Indie Director: Scout Dixon West
@scoutdixonwest, 144.3k followers
It feels like a movie to scout Dixon West’s Instagram feed. She makes sense to discover that she is a screenwriter and a former model.
Growing up in Northern California, Dixon West, 28, started out as a “girls perfume” enthusiast. “I learned that it could be a really useful tool for self-expression and transportation. You can fall into fantasy very easily through smells. Your mood can be emphasized by them. You can use them as armor shapes.” Working part-time at the scent bar in a store in Los Angeles accelerated her obsession. In 2023, she founded the brand.
In Tiktok, where she has 144,300 followers, you can find Dixon West chatting with her knowledge of new and old scents. Her own brand focuses on vintage-inspired scents, with three being released so far: Coney Island Baby, El Dorado and Incarnate. “Now it’s popular that perfumes become very unisex in the way they say they’re bloodless and barren. She came up with a concept and commissioned a European fragrance house to blend them together, resulting in extraordinary results. Coney Island babies square up to sugary gourmet fragrances that are popular with young female consumers. “Like asphalt on a hot day, it has an oily smell like this motor, but underneath it is a very comfortable vanilla soft serve waffle cone,” says Dixon West. “I was thinking about a lot of films. Outsiders, the last photo show, standing by me. Even.”
Tiktok Smemaxxer: Jatin Arora

@thecologneboy, 2.1mn followers
Last year, Jatin Arora turned 18 and reached an audience of 2 million followers on Tiktok. He also graduated from a high school where he had no plans to go to college. “Even if I learned five or ten years and got a job after studying, I didn’t make as much money as I did,” he says with a laugh. And although he doesn’t spill on his salary, his opinion on perfume acquired a home in his hometown of Winnipeg, Canada, prompting a search for Dubai property, allowing his mother to retire. This comes after posting my first perfume video in June 2023.
Arora began playing magic tricks to an audience of 800,000 people on Tiktok. As he began tracking his adventures in perfume as Tekolog Neboy, his first video showed him liberating Versace Eros, Versace Dylan Bleu and Dior Saubagege, which he purchased from Costco – his followers were pleased to migrate. His charm coincided with the rise of “Flag Head” and “Smememaxxers” by Gen Z, a new audience of young perfume fanatics who love to listen to juice and bottle reviews.
80% of Alora’s audience are male, ranging from 16 to 26 years old, a demographic that is often overlooked. “My age has never bought (scent) (scent) before. Now they have got it, so they go to the store and smells like perfume,” says Alora. “And they like the compliments they receive when they wear it.”
Old fashioned soccer: Lucatrino

lucaturin.substack.com, 4k+ Followers
“Everyone can make the scent for the first five minutes, but the next three hours? It’s tricky,” says the legendary half-a-Italian, half-alamentonian, Beirut-born 71-year-old biophysicist and writer, research professor at Buckingham University and perfume lover. Respected for his theory of human smell mechanisms and catastrophic criticism, he began writing about perfumes in 1992, and later wrote six books, including two bestselling guides with his wife, Tania Sanchez.
Last year, after a disruption sparked by his low opinion of the modern mainstream perfume market, he returned to reviews and published his newsletter, “Perfumes like Luca Turin” on Substack. “I was born at the wrong time because I saw the end of the Old World,” says Torino. “People who have never smelled Guerlain’s scent because their perfumes are as bad as they are now.” Nevertheless, “the niche and artisan perfumes have risen significantly, and these people felt they needed to air. They sometimes go back to texture, quality materials. Audio files are like a way to listen to music.

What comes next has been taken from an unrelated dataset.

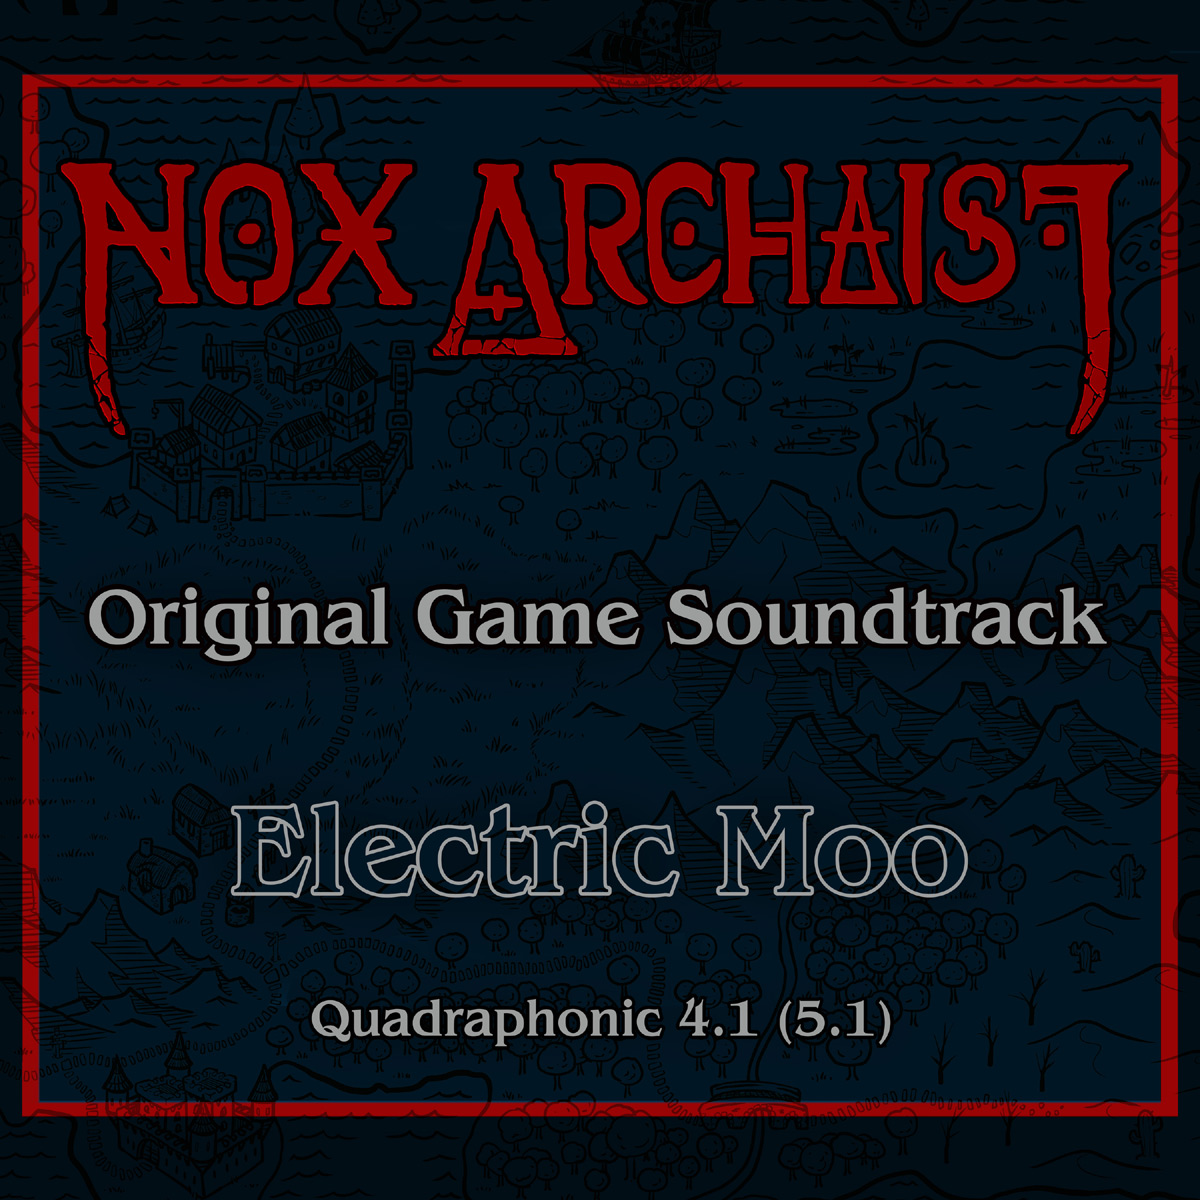 Nox Archaist album cover
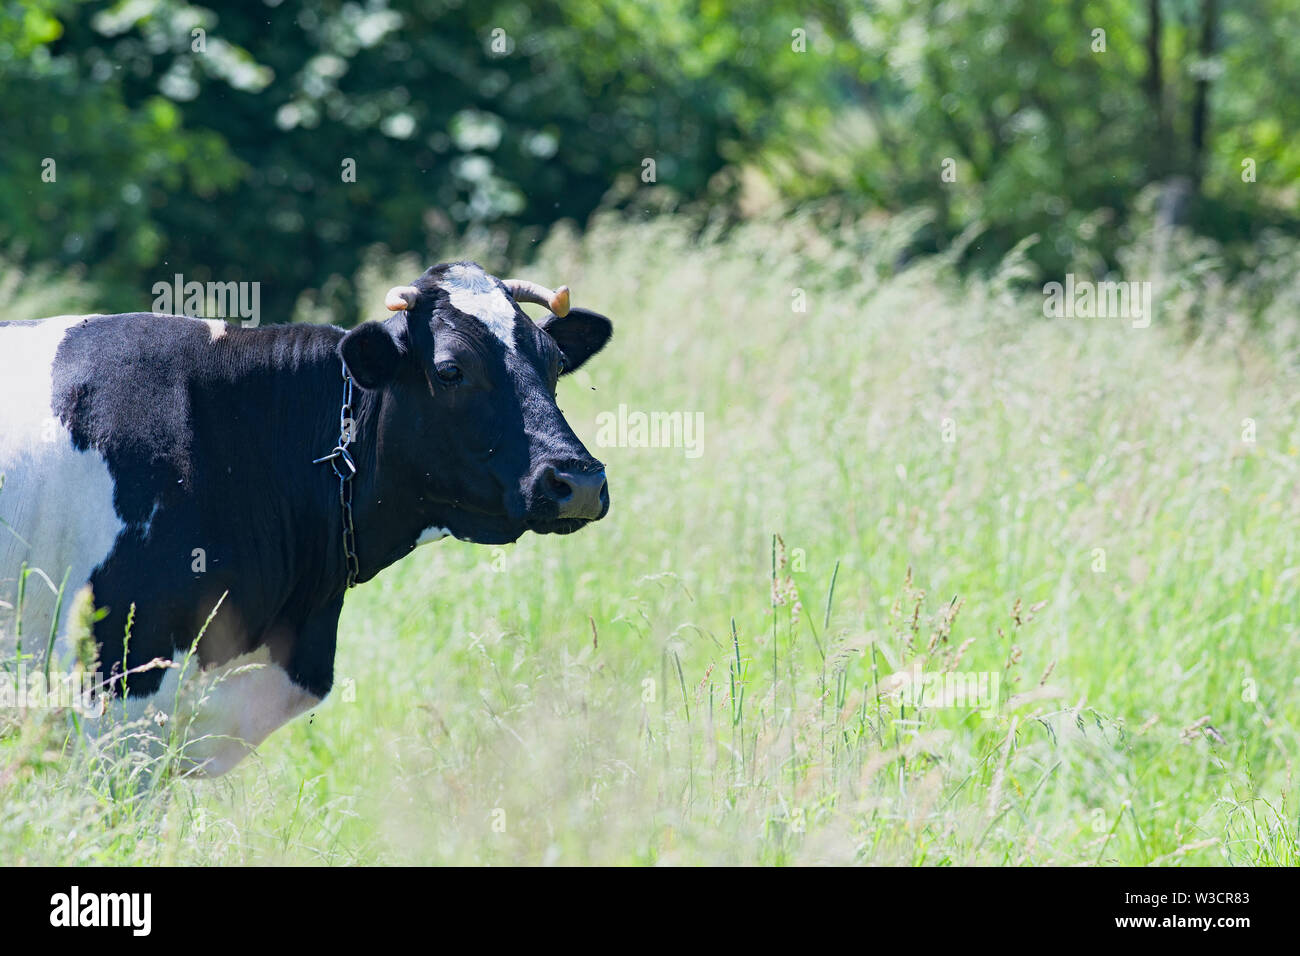 Es una vaca en un prado verde Foto de stock

Turin doesn’t think it’s all mainstream scented – he rated Les Parfum xi l’heure perdue by Cartier’s Mathilde Laurent (pictured on the left, £245 for 75ml) as “one of the greatest masterpieces” of the past 20 years. He sniffs at rising prices, especially for artisan perfumes: “£200 per bottle is a tall order.” Nevertheless, he admits, there is a “risquéable and wonderful” niche perfume. Rude (2023) by Mark Antwein Corchiquiat of Parfum Dan Empire says, “When I first put it on, I think, ‘I can’t wear this, it smells like a barn.” However, after 10 minutes it transforms into this heavenly light. ”
Listening to and reading Turin with perfume is to inhale a refreshing opinion. His view of the layers? “I won’t play two music at once.” Whether you agree, Turin is a classic and his reissue (original formula, new distributor) is greatly appreciated.
YouTube Fragehed: Olivia Vandermillen

@oliviaolfactory, 484k followers
A fruity summer scent? How can it smell like old money? Olivia Vandermillen’s knowledge of what is in the perfume market offers answers to scent questions you didn’t know you had to ask. “I want to be the Rorodex of fragrance information,” she says. “I’m trying to help people find what feels like their home, regardless of the education surrounding fragrances, regardless of price.”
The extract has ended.